Publicly, Nixon stated that his goal from the peace accords was for North Vietnam to recognize South Vietnam's right to choose a leader by democratic election. The decent interval theory holds that, privately, the Nixon administration did not plan for the continuation of South Vietnam and was only interested in the release of United States prisoners of war and maintaining a "decent interval" before South Vietnamese collapse. If a "decent interval" elapsed between the withdrawal of American troops and the fall of the South Vietnamese government, Nixon could avoid the blame of being the first American president to lose a war.

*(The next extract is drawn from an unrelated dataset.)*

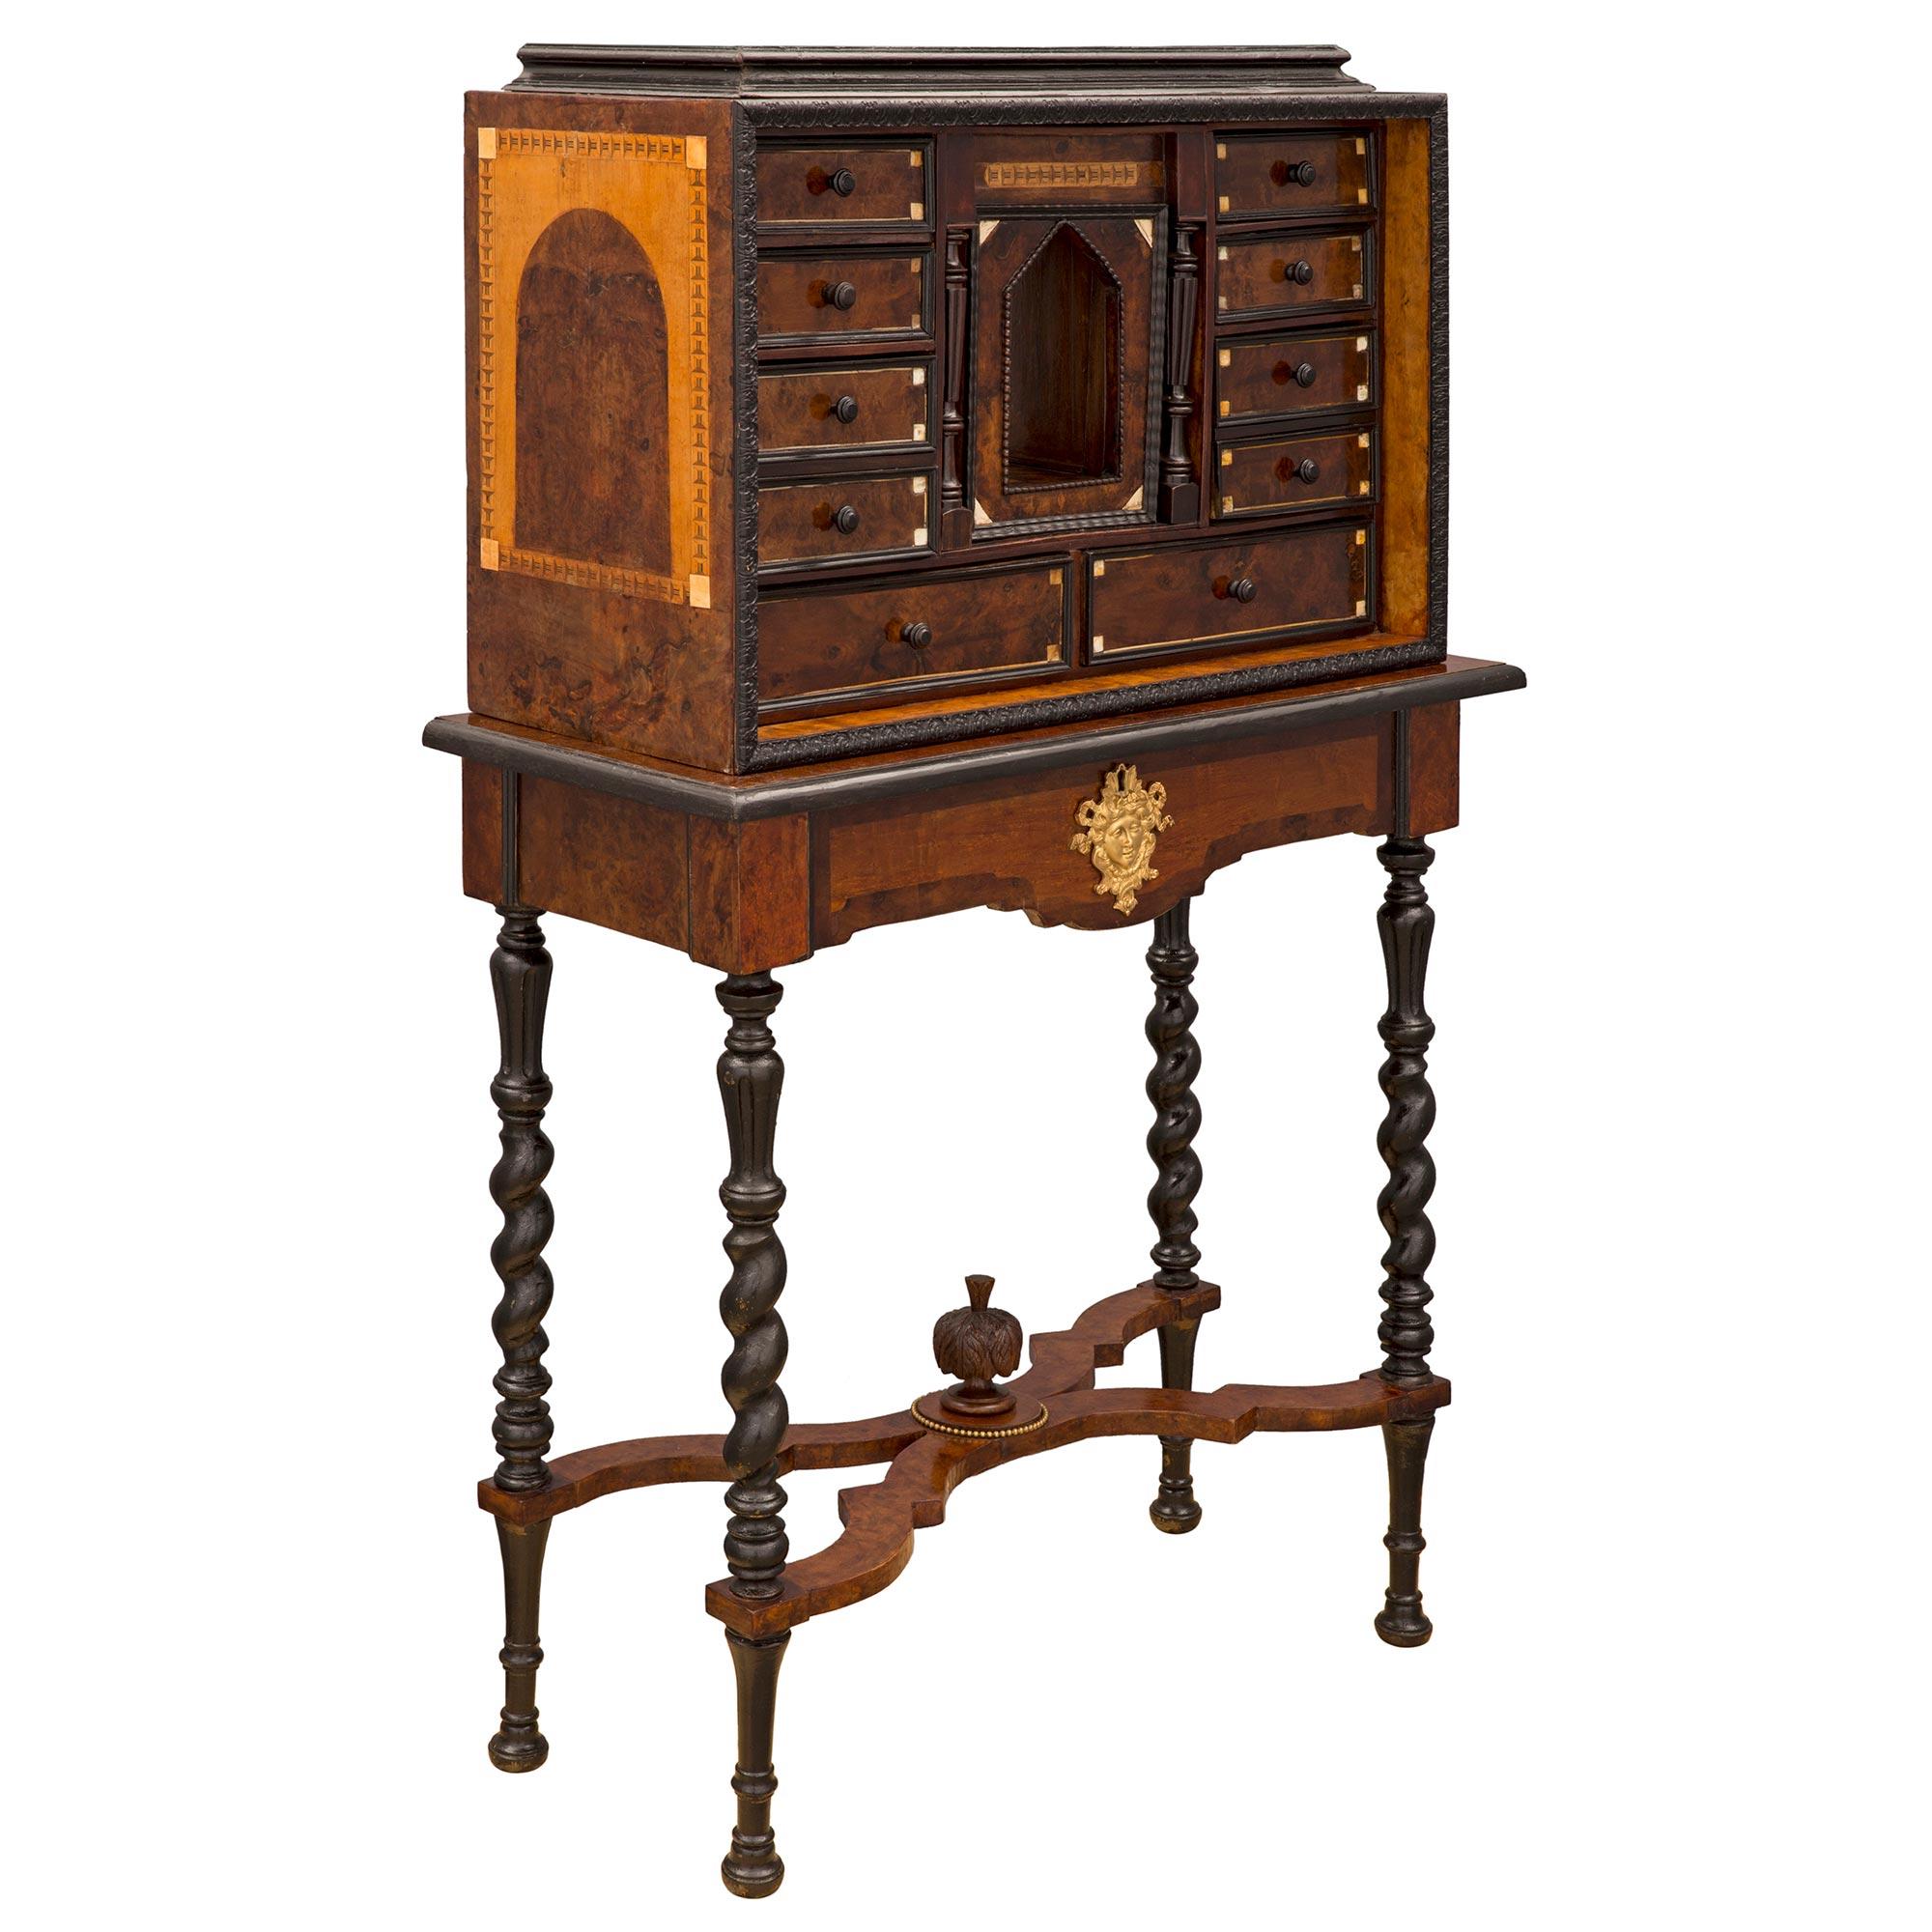 Italian Early 19th Century Baroque St. Walnut, Satinwood, Bone, and Ormolu Cabin In Good Condition For Sale In West Palm Beach, FL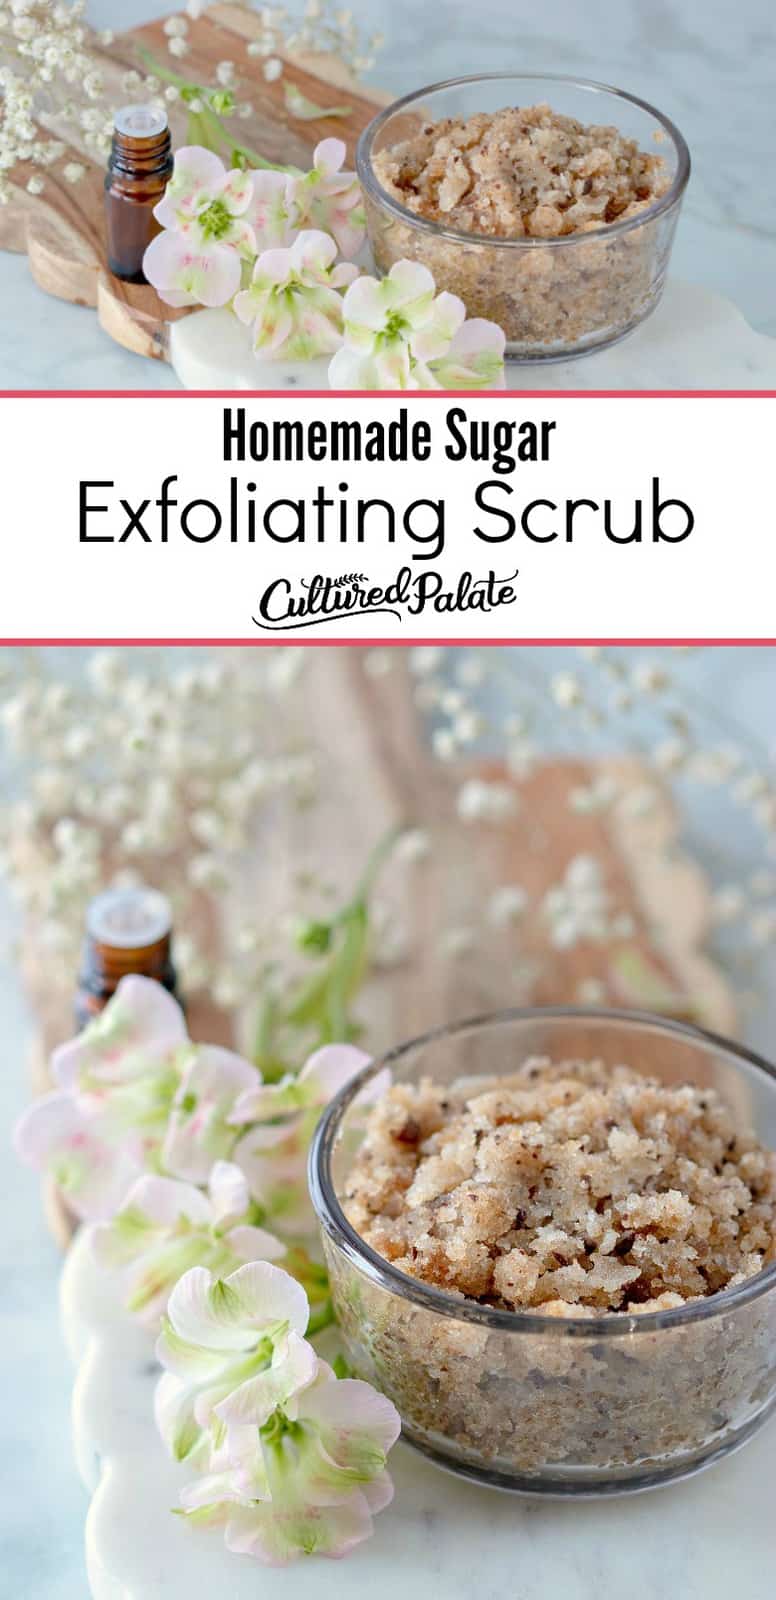 Homemade Sugar Exfoliating Scrub shown in two images close up and head on with text overlay.

The idea of a decent interval was absent from public debate during the Nixon years and originally advanced in a 1977 book of the same name by former CIA analyst Frank Snepp. However Snepp does not subscribe to the full theory of intentional abandonment of South Vietnam, but rather that Kissinger, U.S. Ambassador to Vietnam Graham Martin and others engaged in the same kinds of self-deluded thinking after the Paris accords that had gotten the US into Vietnam in the first place. What Snepp was most outraged over was the haste with which the Americans pulled out in April 1975, abandoning many key South Vietnamese allies and intelligence assets to their fates. Snepp was not party to the high-level negotiations in which the "decent interval" strategy occurred.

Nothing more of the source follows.